Victories by Tea Party-backed Republicans made certain the conservative movement will have a front-row seat in Washington to do battle for cuts in government spending and deficits.

But at the same time, their presence may make it harder for Republicans and Democrats to find middle ground on the main issues of the day and would likely lead to more gridlock.

Waving the Tea Party banner were Republicans Marco Rubio of Florida and Rand Paul of Kentucky as they rolled to victory in their Senate races.

Others were not able to make it, such as Republican Christine O'Donnell, backed by Tea Party champion Sarah Palin.

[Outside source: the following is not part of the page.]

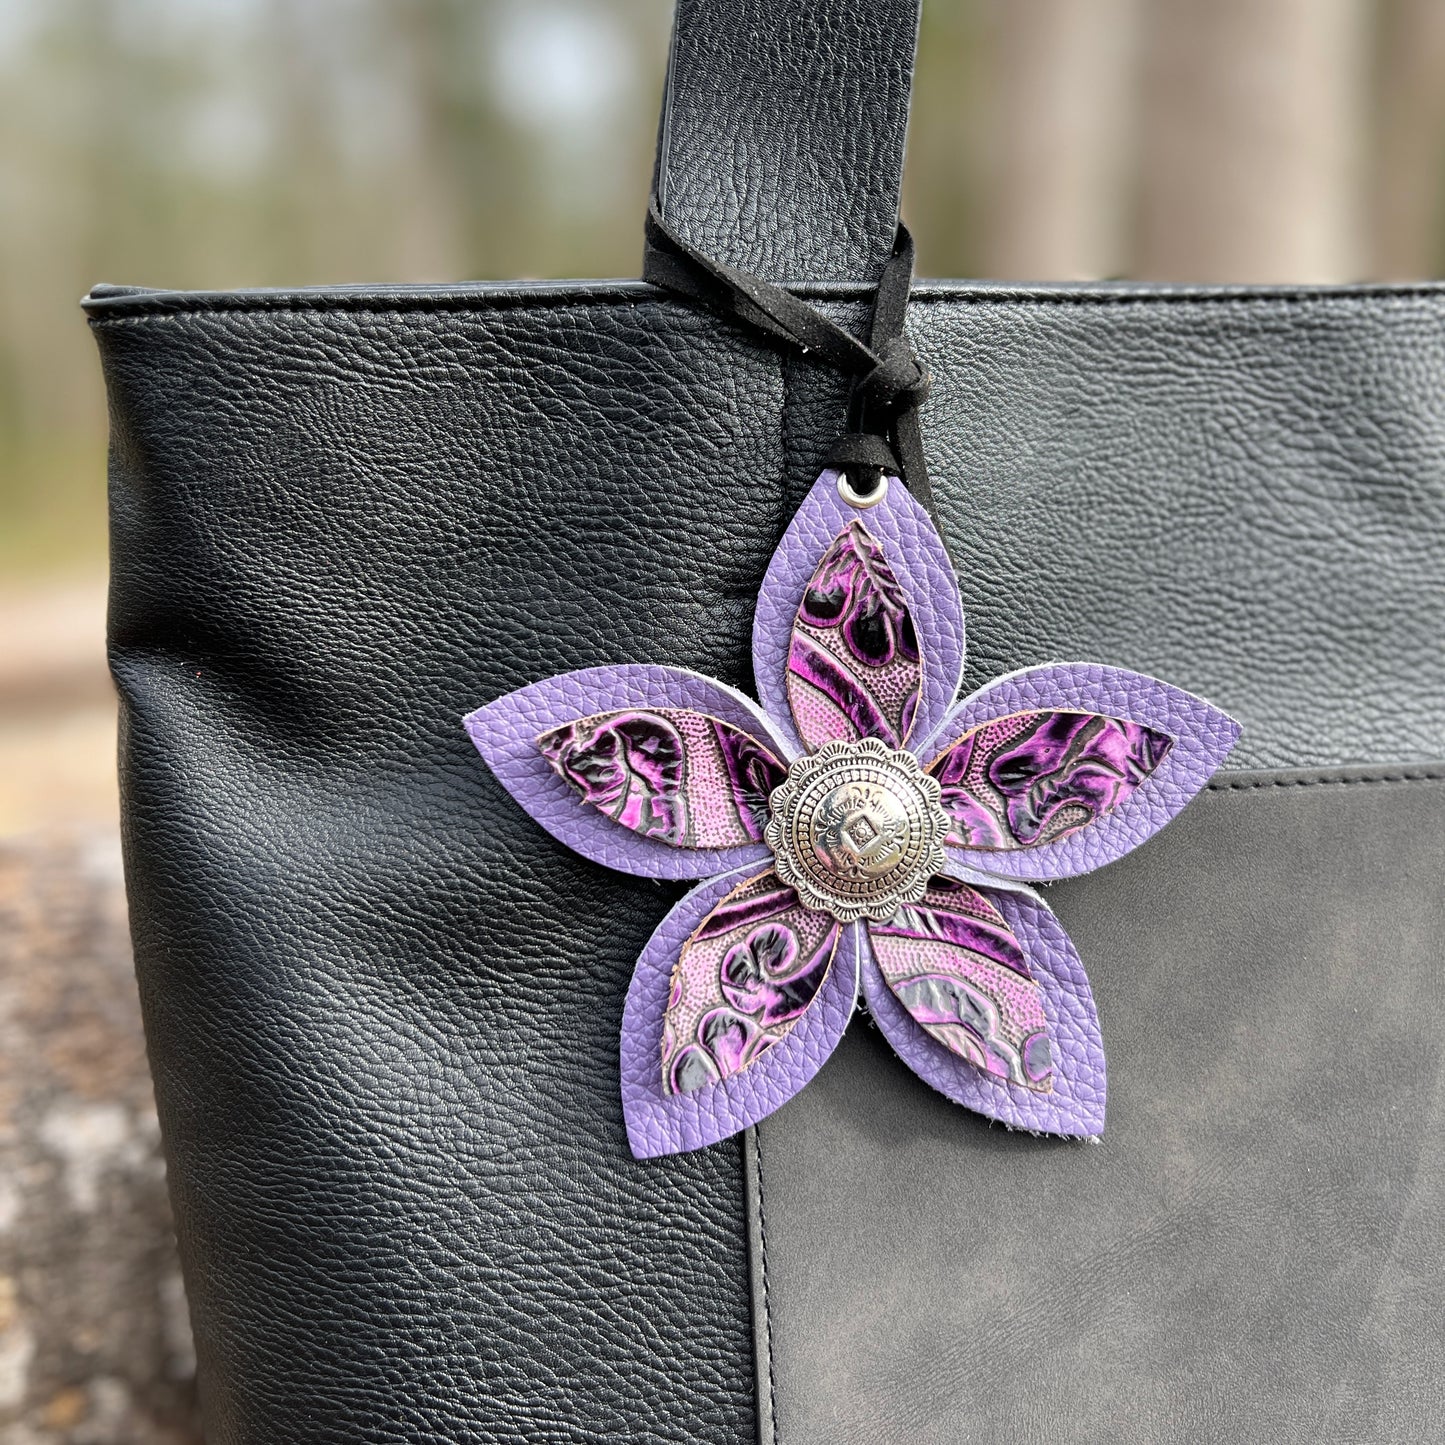 Leather Flower Bag Charm - Large Flower with Loop - Lavender Floral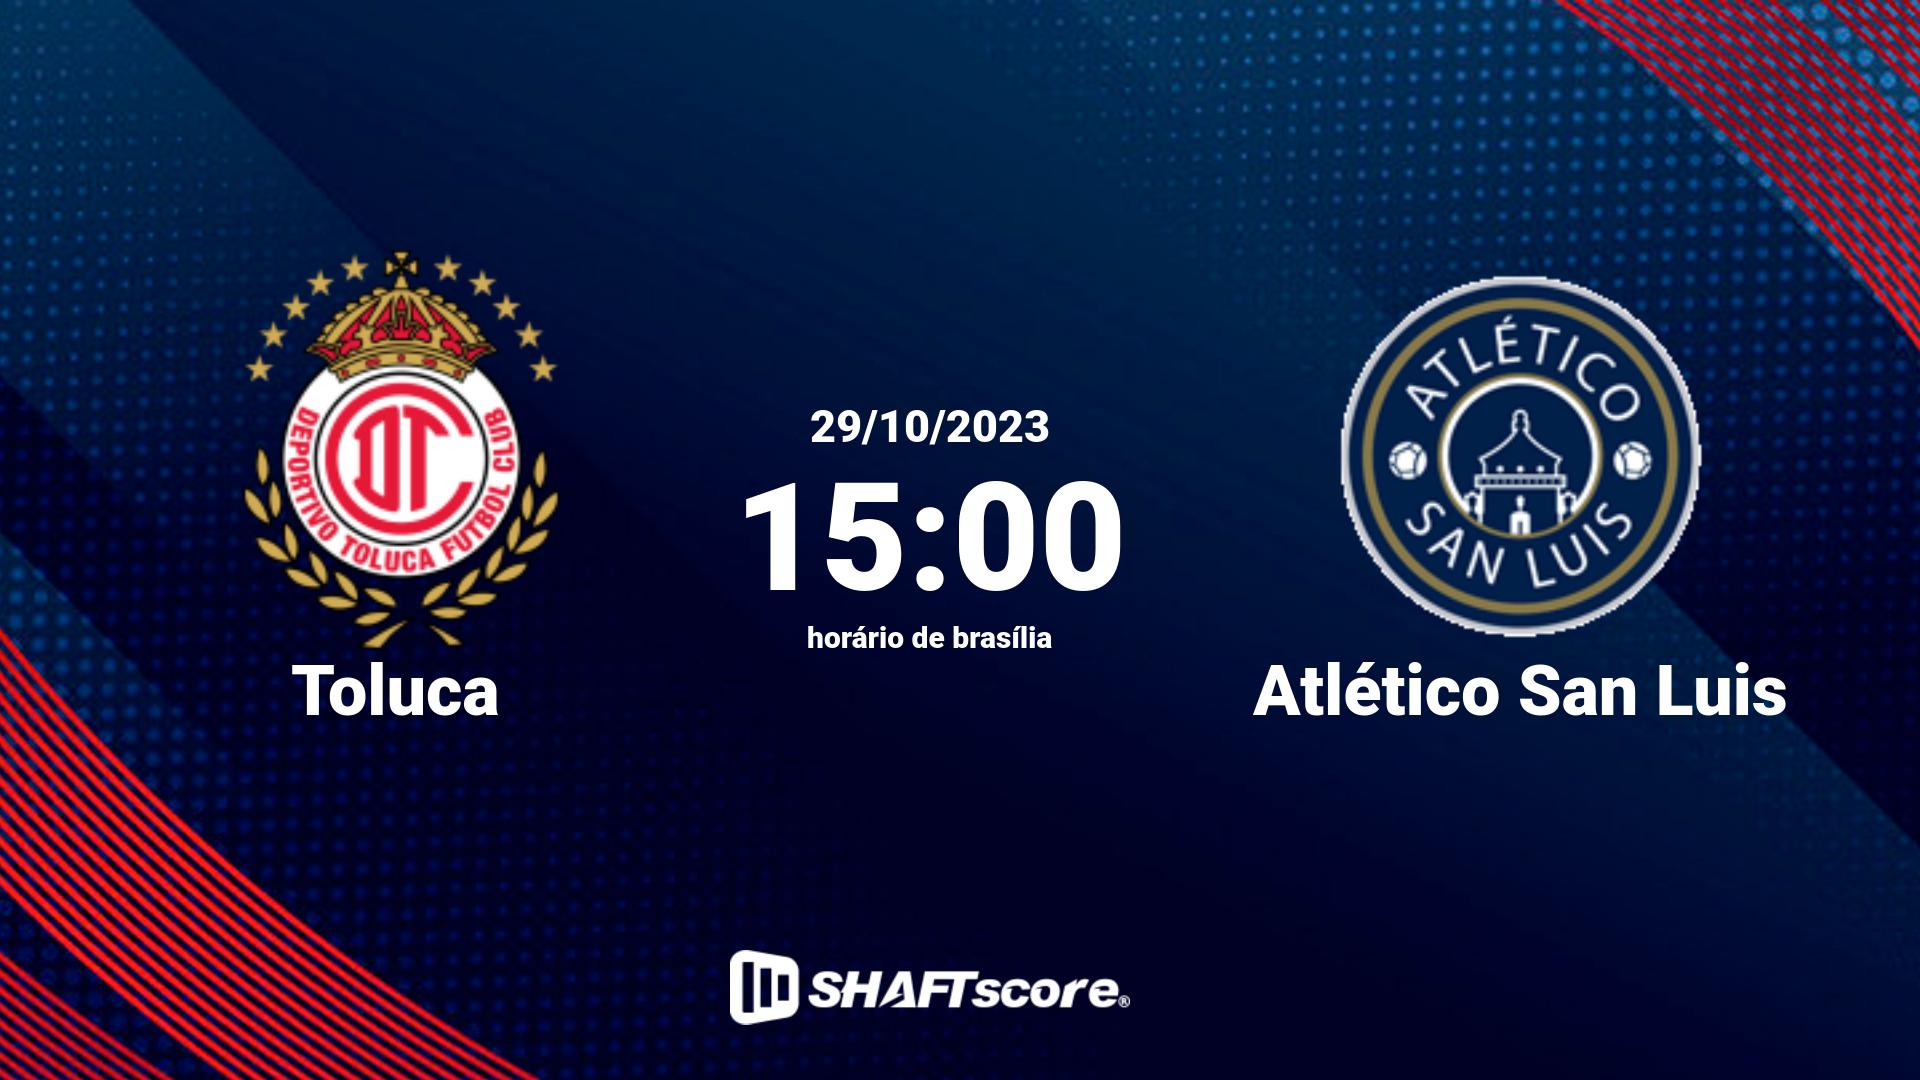 Estatísticas do jogo Toluca vs Atlético San Luis 29.10 15:00

O'Donnell defeated moderate Republican Mike Castle to win her party's nomination, but lost the Delaware Senate race to Democrat Chris Coons.

The Tea Party is a new phenomenon in American politics, a loose-knit group of people outraged by government spending, rising debt and deficits, and President Barack Obama's healthcare overhaul.

Democrats have tried to portray them as political extremists, pointing to their calls to privatise Social Security and to Paul's complaints that the Federal Reserve Board has too much power over the US economy.

Paul has been a strong critic of the power of the Fed and his election could herald a push by on the right flank of the Republican party to tighten Fed oversight.

Republicans have largely welcomed the Tea Party representatives, feeling they were pressing the same issues and fretting that to do otherwise risked splitting the Republican Party right down the middle. "We know they're focused on the same things that we are -- reducing wasteful spending, reducing debt, repealing or replacing healthcare," said Don Stewart, spokesman for Senate Repub-lican leader Mitch McConnell. "We're all pointed in the same direction on that front."

But the Tea Party movement may give Obama a foil to attack as he adjusts to the new political reality in Washington.


Some in the movement support such dramatic gestures as eliminating the departments of Energy and Education as a way to save money and reduce government's influence in Americans' lives, and those ideas are unlikely to be embraced.

McConnell and the House Republican leader John Boehner will face the dilemma of making sure the Tea Party is a positive force within the party and not one that is a harmful distraction as Republicans seek bigger gains in Congress in 2012 and attempt to deny Obama a second term.